La política de seguridad pública santafesina marca prioridades en la agenda
Las alentadoras estadísticas de caída en la criminalidad mafiosa convalidan estrategias de la Casa Gris y alimentan la sinuosa colaboración con la Nación. En paralelo, emergen las urgencias de los reclamos policiales en el frente interno.
Maximiliano Pullaro, gobernador de Santa Fe, junto a su ministro de Seguridad, Pablo Cococcioni.
Uno de los ejes centrales de la gestión de Maximiliano Pullaro en la provincia de Santa Fe, y también uno de los puntos más sensibles, es el de la seguridad. No es para menos. Ex ministro del área, y activo legislador en la materia antes de eso, el gobernador asumió con una situación de violencia criminal exacerbada, más que nada en Rosario, y cierto descontrol orgánico en el funcionamiento del esquema de seguridad.

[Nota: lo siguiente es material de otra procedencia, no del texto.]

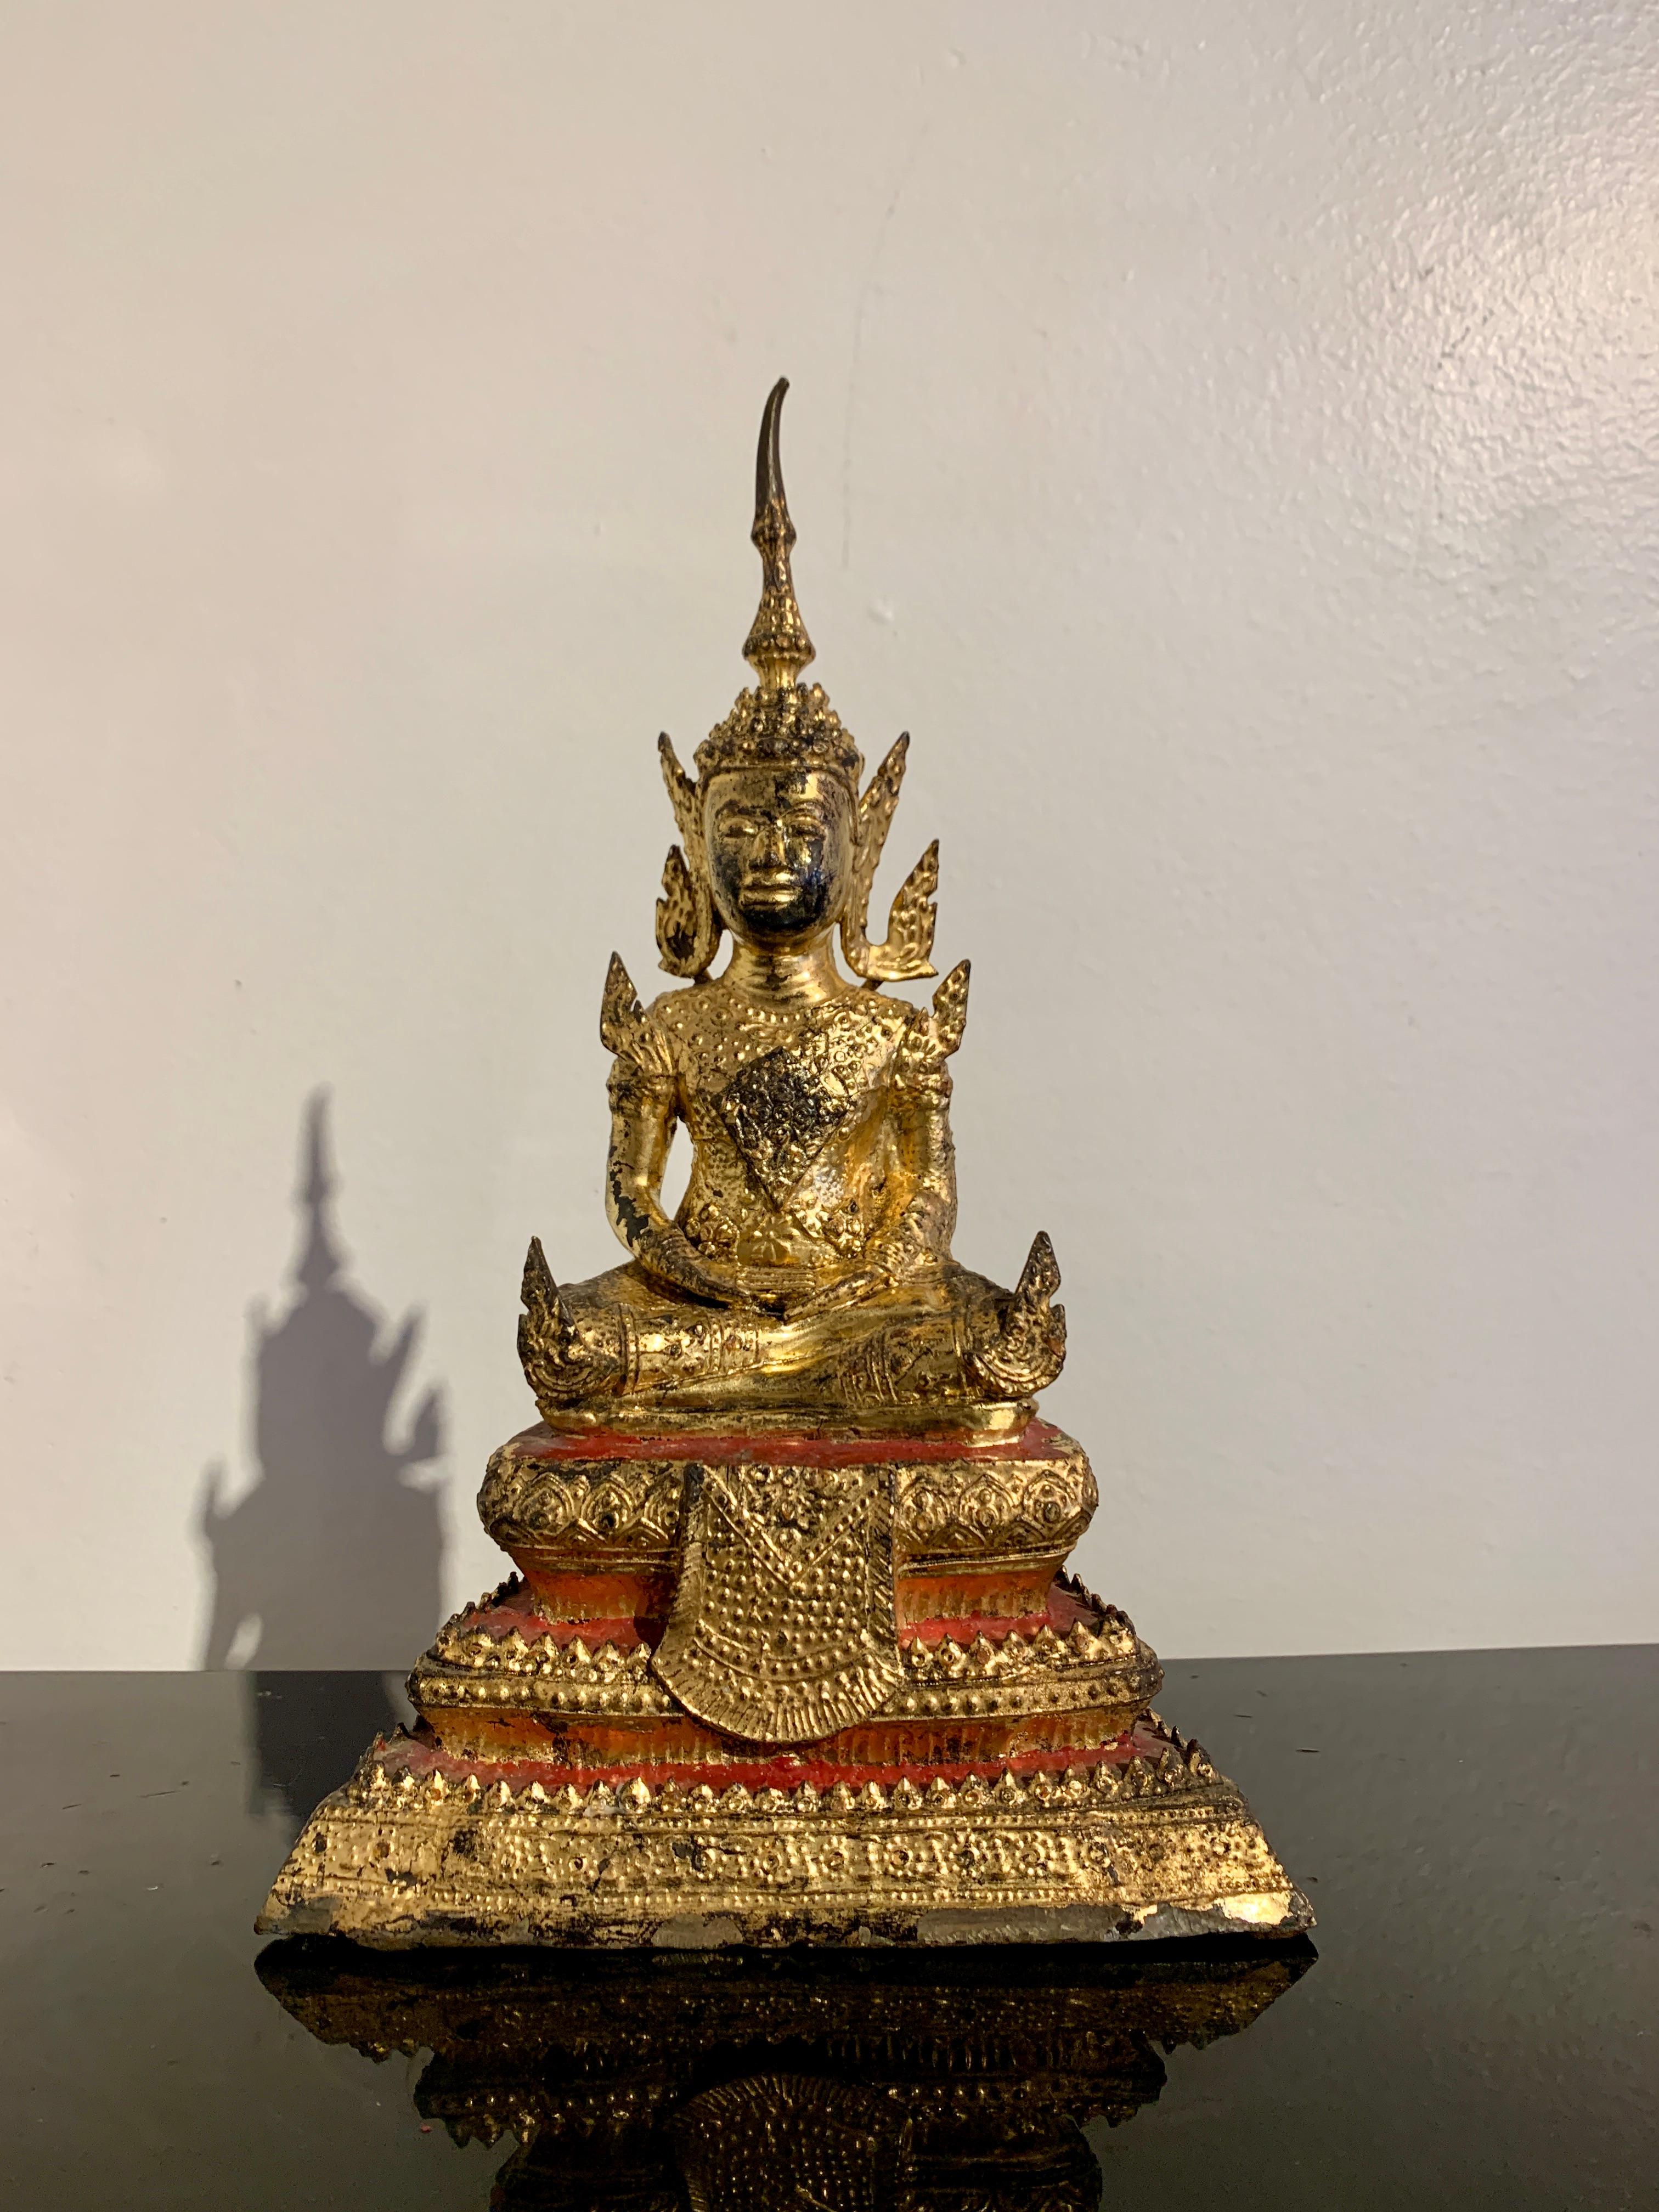 Ravissante figurine en bronze laqué et doré représentant le Bouddha en tenue royale, période Rattanakosin, Thaïlande, milieu du 19e siècle.

Cette charmante figure représente le Bouddha en dhyanasana, le geste de la méditation. Le Bouddha est

Con una policía desprestigiada y una respuesta judicial insuficiente, parte de su estrategia se basó en alentar una normativa que eficientice la persecusión, atraiga a la órbita provincial el combate al narcomenudeo y endurezca las condiciones de la vida penitenciaria. Y, paralelamente, en requerir y gestionar el respaldo y el aporte concreto de la Nación.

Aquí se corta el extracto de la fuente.